Balfour Beatty plc () is an international infrastructure group based in the United Kingdom with capabilities in construction services, support services and infrastructure investments. A constituent of the FTSE 250 Index, Balfour Beatty works across the UK, US and Hong Kong.

By turnover, Balfour Beatty was ranked in 2021 as the biggest construction contractor in the United Kingdom.

History

Early years
Balfour Beatty was formed in 1909, with a capital of £50,000. The two principals were George Balfour, a qualified mechanical and electrical engineer, and Andrew Beatty, an accountant. The two had met while working for the London branch of the New York engineers JG White & Company. Initially, the company concentrated on tramways, the first contract being to construct the Dunfermline and District Tramways that opened in November 1909 for Balfour Beatty's own subsidiary, the Fife Tramway Light and Power Company.

It subsequently acquired a portfolio of electric power and tramway companies including in Carlisle, Cheltenham, Leamington & Warwick, Llanelly, Luton, Mansfield, Nottinghamshire & Derby, Falkirk and Wemyss.
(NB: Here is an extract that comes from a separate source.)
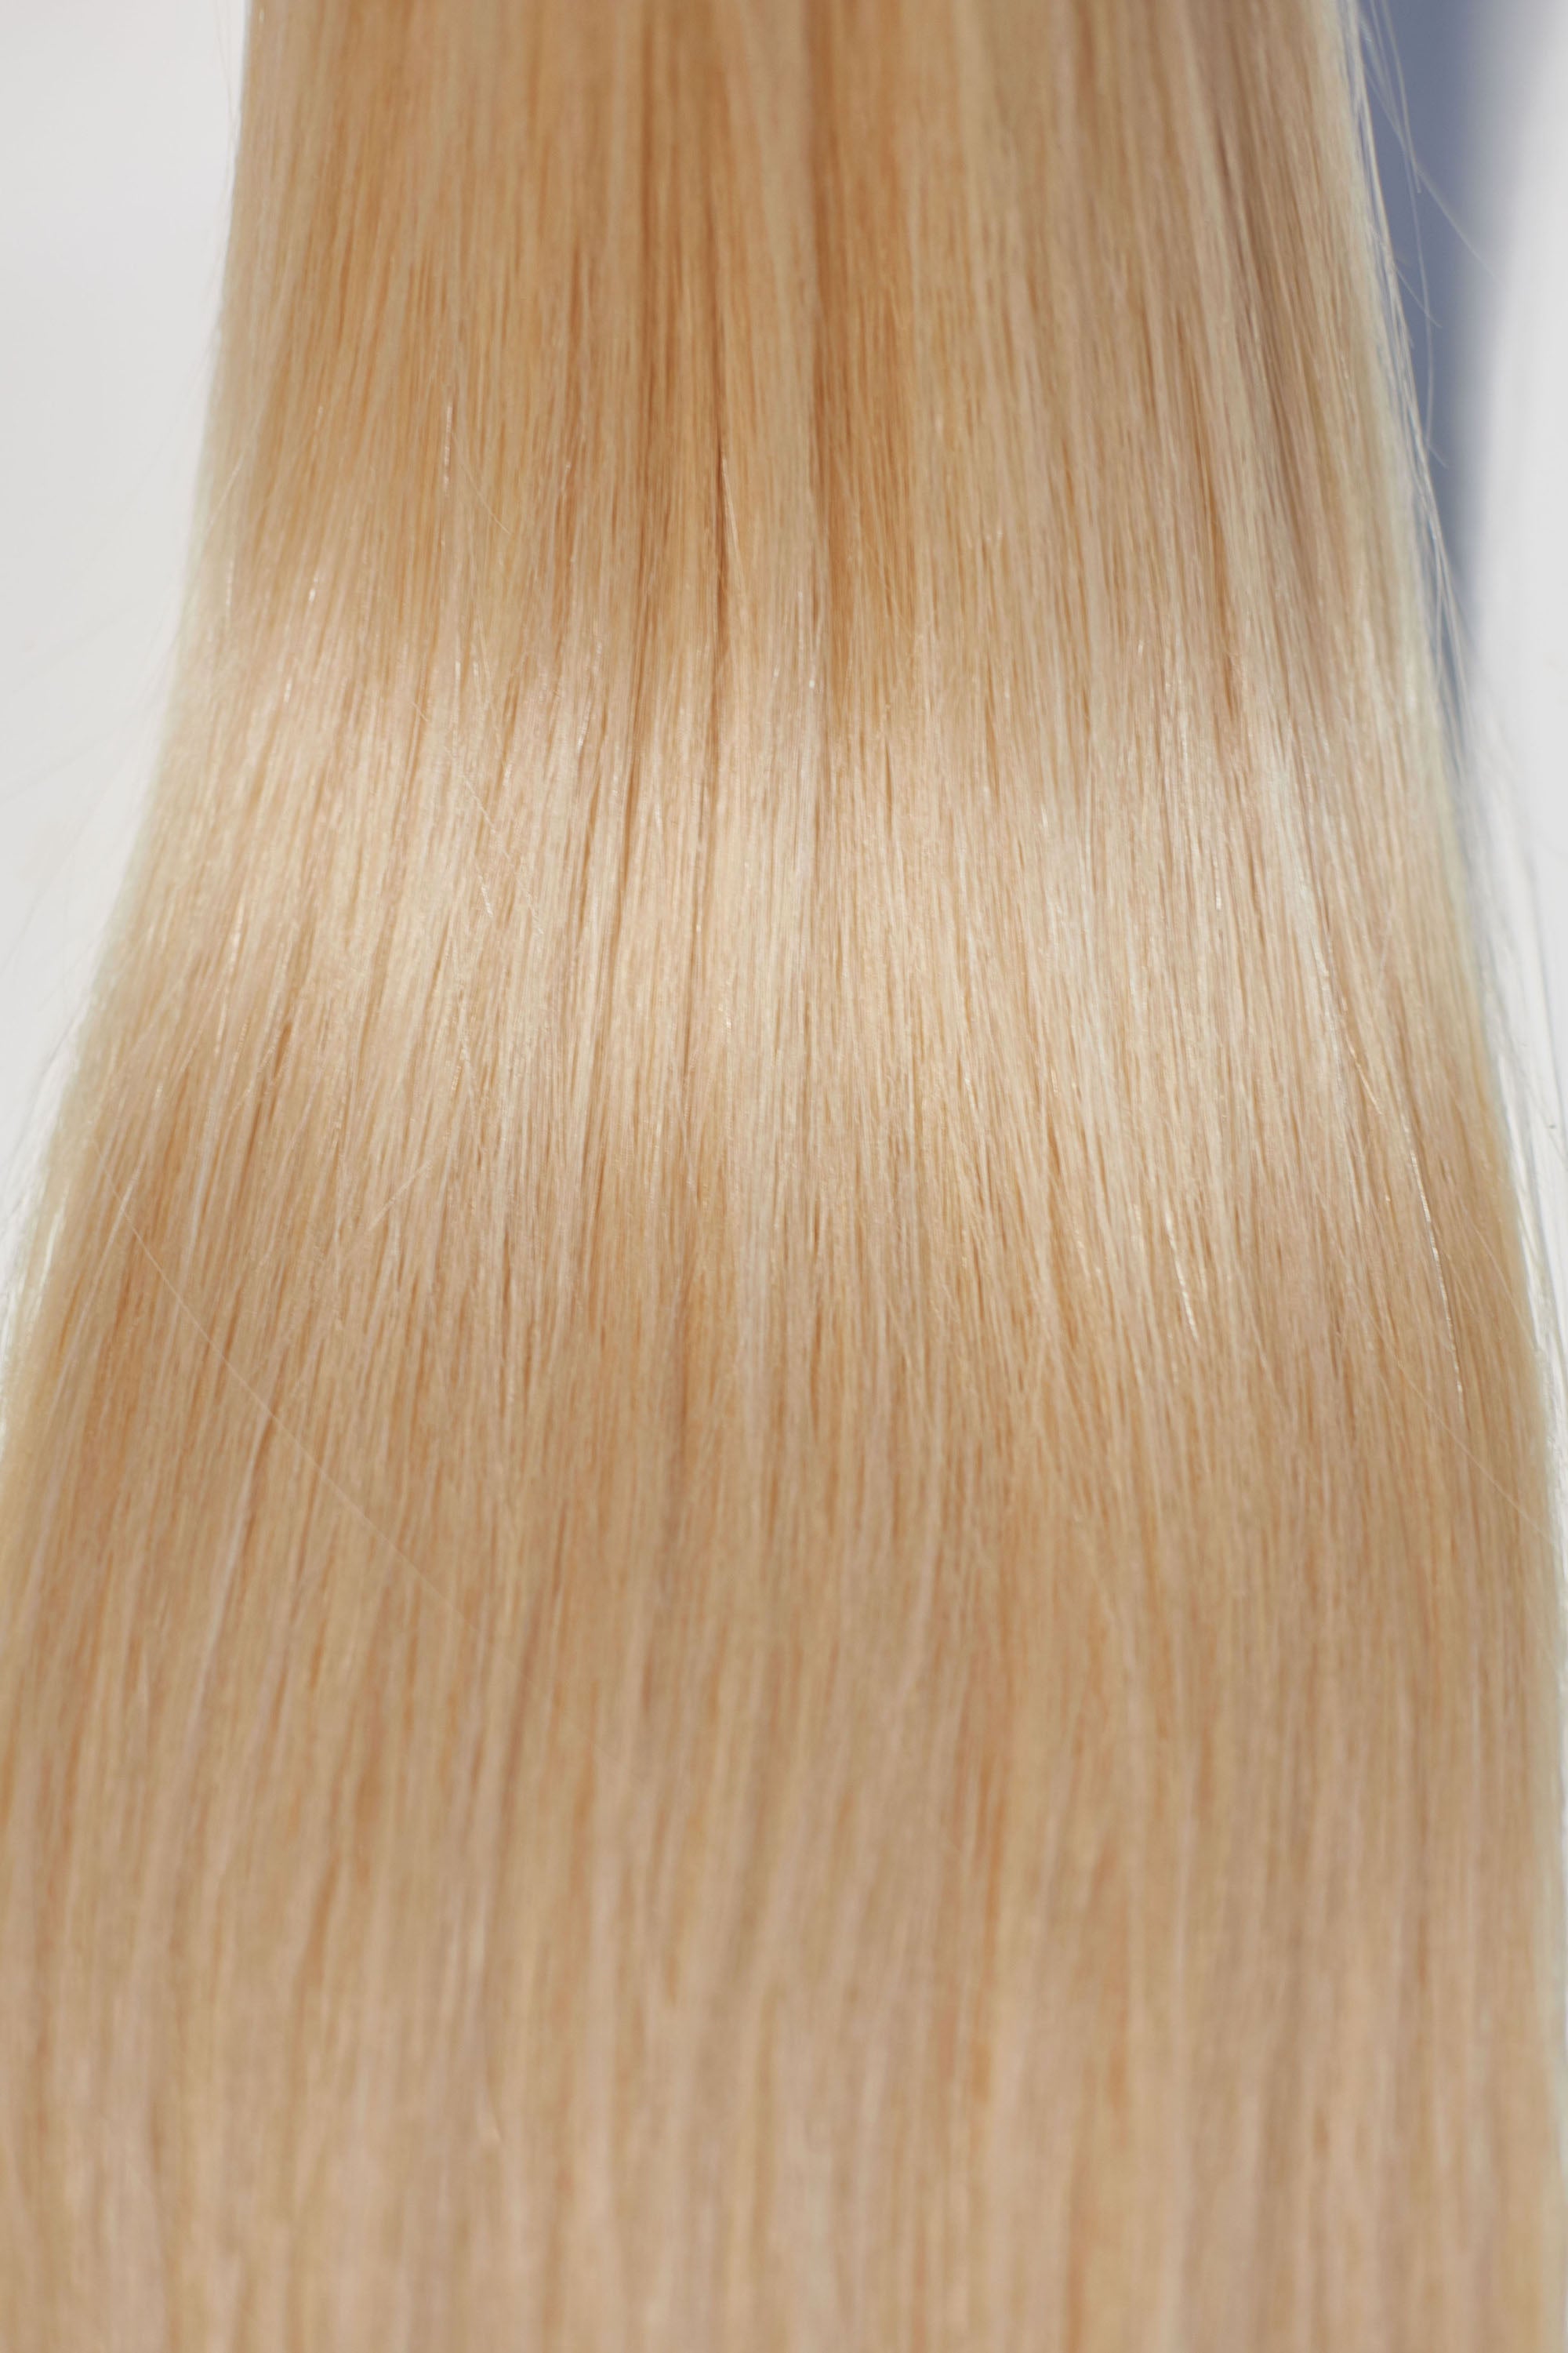 Behair professional Keratin Tip "Premium" 16" (40cm) Natural Straight Beach Blonde #613 - 25g (Micro - 0.5g each pcs) hair extensions

Some later operated trolley and motor buses. Several bus companies were purchased or formed including Midland General, Percivals (Carlisle), Stratford Blue and Scottish General Omnibus.
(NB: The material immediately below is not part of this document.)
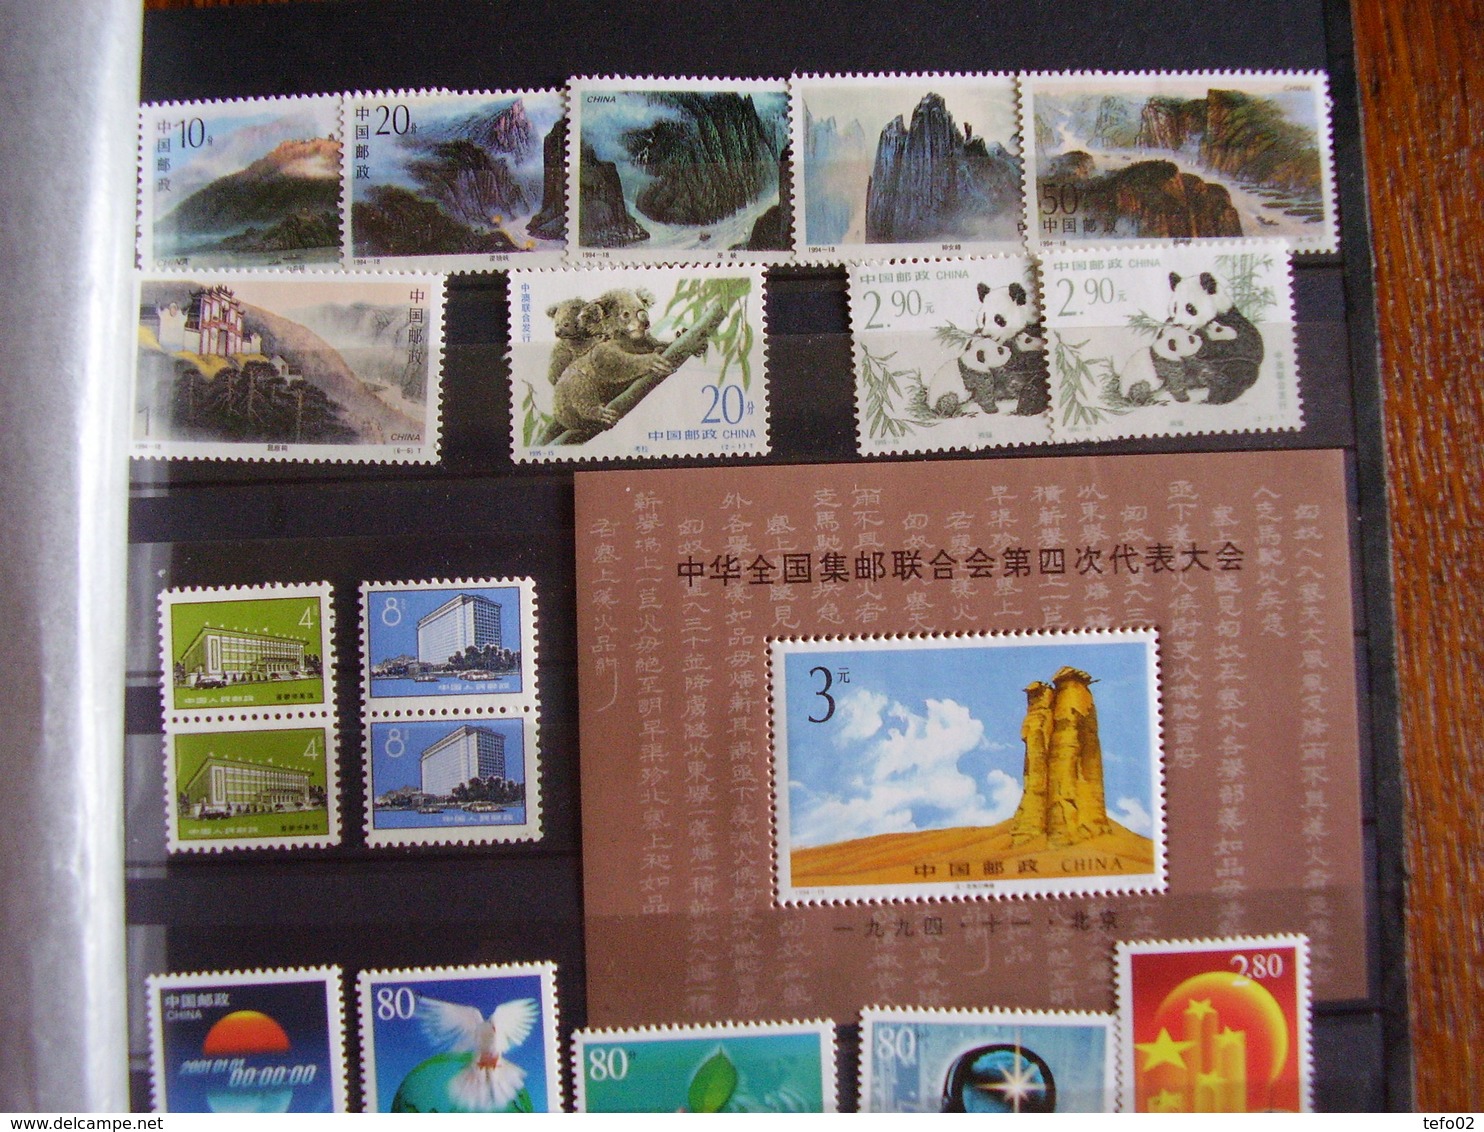 Cina Repubblica Popolare. Buon insieme di francobolli e foglietti. 19 foto

The Scottish bus subsidiaries were sold in June 1930 to W Alexander & Sons, and the Scottish tramways in 1935 to Scottish Motor Traction, Cheltenham was sold in July 1939 to Red & White Services with the remaining operations transferred to the Tilling Group.

Balfour Beatty's general construction expertise was extended during First World War with, for example, the building of army camps.

George Balfour was elected to the House of Commons in 1918 and played a large part in the debates which established the National Grid. To service this new market, George Balfour, Andrew Beatty and others formed Power Securities to finance projects, and the two companies, with their common directors, worked closely together.  Balfour Beatty was heavily involved in the development of Scotland's hydro electric power, building dams, transmission lines and power stations.

Other work between the wars included the standardisation of the electricity supply in Derbyshire and Nottinghamshire, and the construction of tunnels and escalators for the London Underground. Extensive overseas work started in 1924 when Balfour Beatty took over the management of the East African Power & Lighting company; construction work included hydro electric schemes in the Dolomites, Malaya and India, power stations in Argentina and Uruguay, and the Kut Barrage on the Tigris in Iraq.

By the onset of the Second World War, control of the firm had changed: Andrew Beatty had died in 1934 and George Balfour died in 1941. Construction work was now dominated by the war effort, and notable projects included blocking the approaches to Scapa Flow and the building of six Mulberry harbour units.

Post World War II
Peacetime saw a resumption of Balfour Beatty's traditional work, with power stations and railway work dominating at home. Overseas, a construction company was bought in Canada in 1953, and other work included the Mto Mtwara harbour in Tanganyika (now Tanzania) and the Wadi Tharthar irrigation scheme in Iraq.

In 1969, Power Securities, which by then owned Balfour Beatty, was taken over by cable manufacturer BICC. Balfour Beatty moved away from its traditional area of expertise in 1986, when it formed Balfour Beatty Homes, building on a modest scale from its office in Nottingham. It also opened offices in Paisley and Leatherhead, and in 1987, it bought the Derbyshire firm of David M Adams to give it an annualised production rate of up to 700 houses.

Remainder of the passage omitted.